Among his residential projects is an extensive complex that takes up the entire block between 42nd and 41st Street and between 11th and 12th Avenues in the Hell's Kitchen, Manhattan neighborhood. Projects on the block include 39 One River Place which opened in 2001. In May 2009 the twin-towered Silver Towers opened. At 60 stories it is the tallest rental building in New York.[37]

Other properties include 30 Park Place.[38] Silverstein was also involved as a developer of the Ronald Reagan Building in Washington, D.C..[39]

In November 2006, Silverstein agreed to buy the building at 99 Church Street from Moody's for $170 million.[40] Moody's moved its headquarters into 7 World Trade Center in 2007. 99 Church Street was promptly razed to make way for Silverstein's new project on the site. The 2008 plan proposed a 68 story, 912 foot tower, composed of condominiums and a Four Seasons Hotel on the lower 22 stories.[41] However, due to lack of financing, the project is not currently progressing past the foundation.[42]

In 1989 Silverstein proposed to members of the Israeli government that a free trade zone should be created within the Negev region of Israel.

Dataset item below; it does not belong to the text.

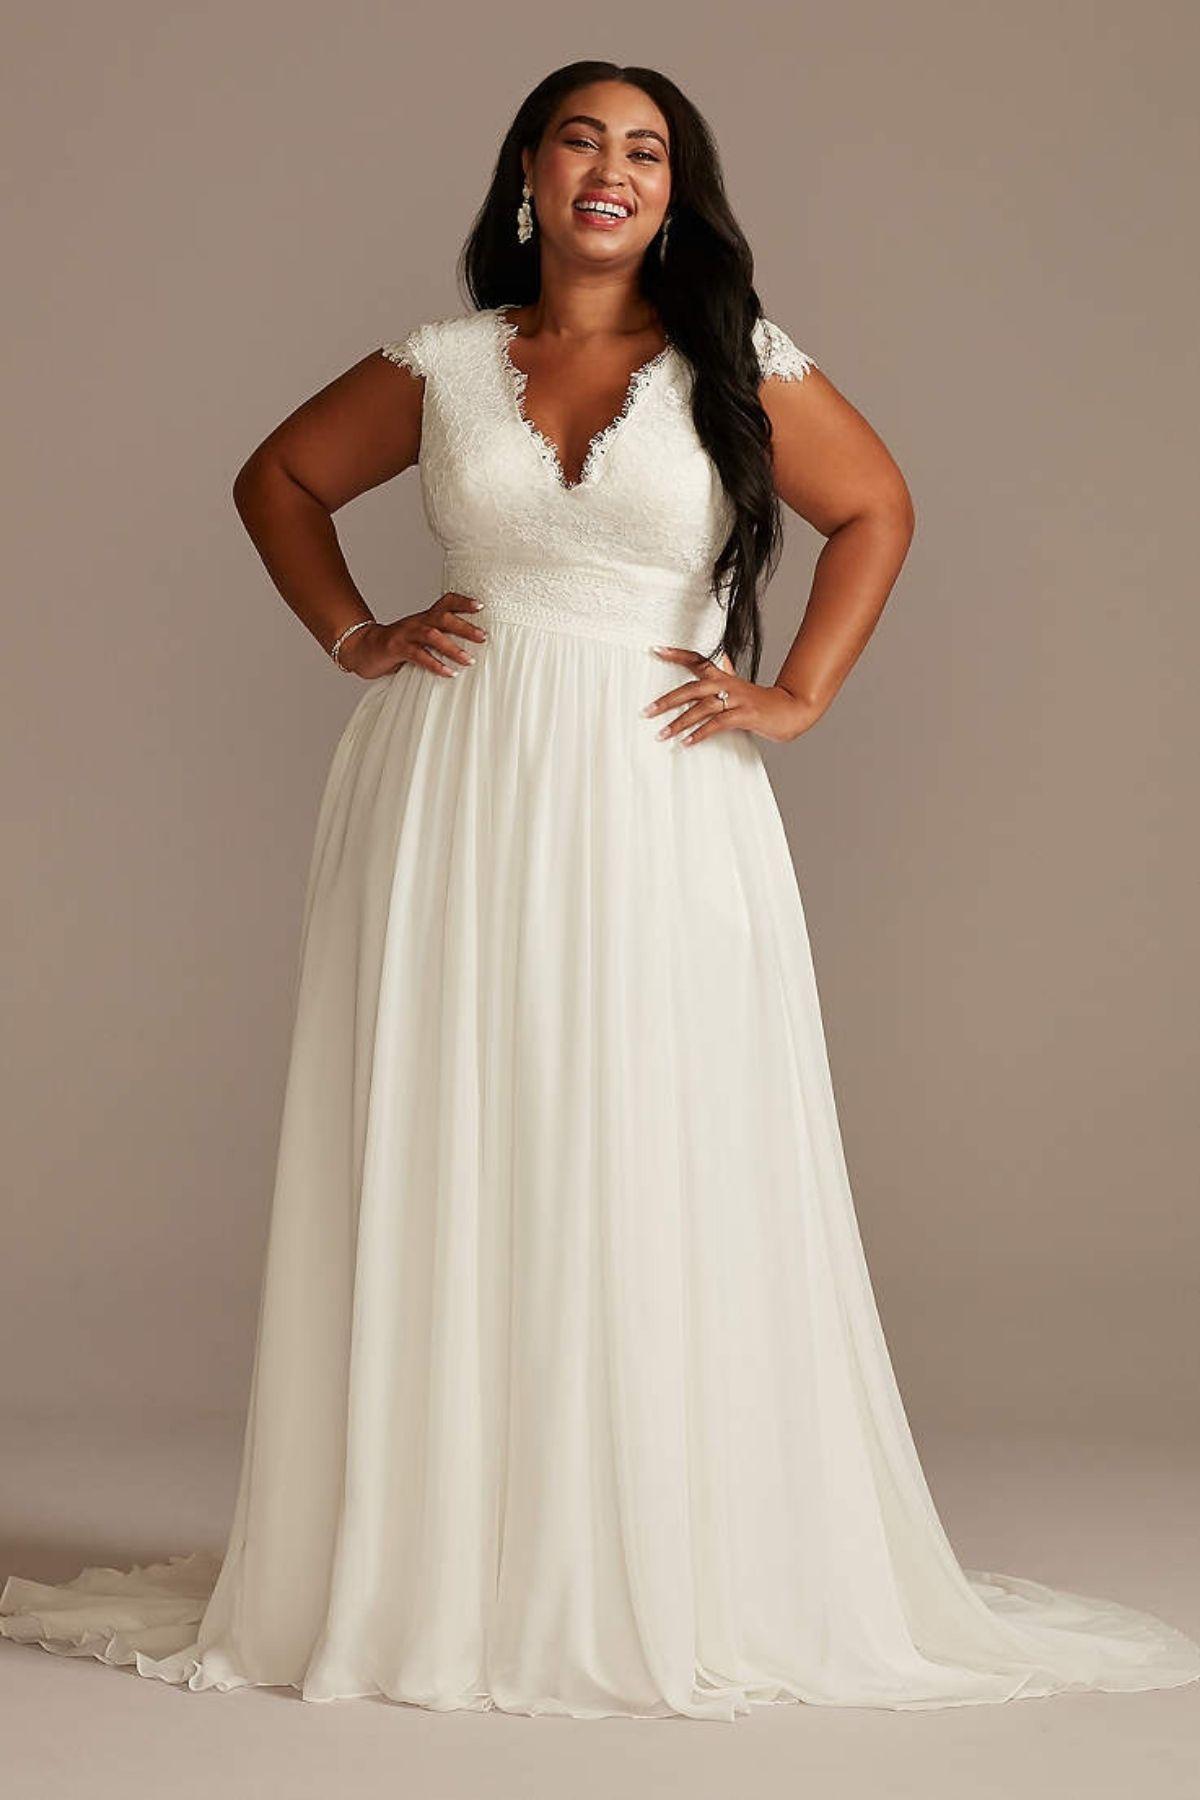 2. Lace Illusion Back Chiffon Plus Size Wedding Dress

The project ultimately failed, however it enjoyed popular support amongst leading Israeli political figures.[10]

Philanthropy

Silverstein has been involved in his alma mater, as founder and chairman emeritus of New York University's Real Estate Institute, and as a trustee of the New York University Medical Center and Health System. Silverstein also has served as chairman of the United Jewish Appeal in New York, the Realty Foundation, trustee of the Museum of Jewish Heritage, and treasurer of the National Jewish Medical and Research Center in Denver. Silverstein is also a governor of The Real Estate Board of New York.[43]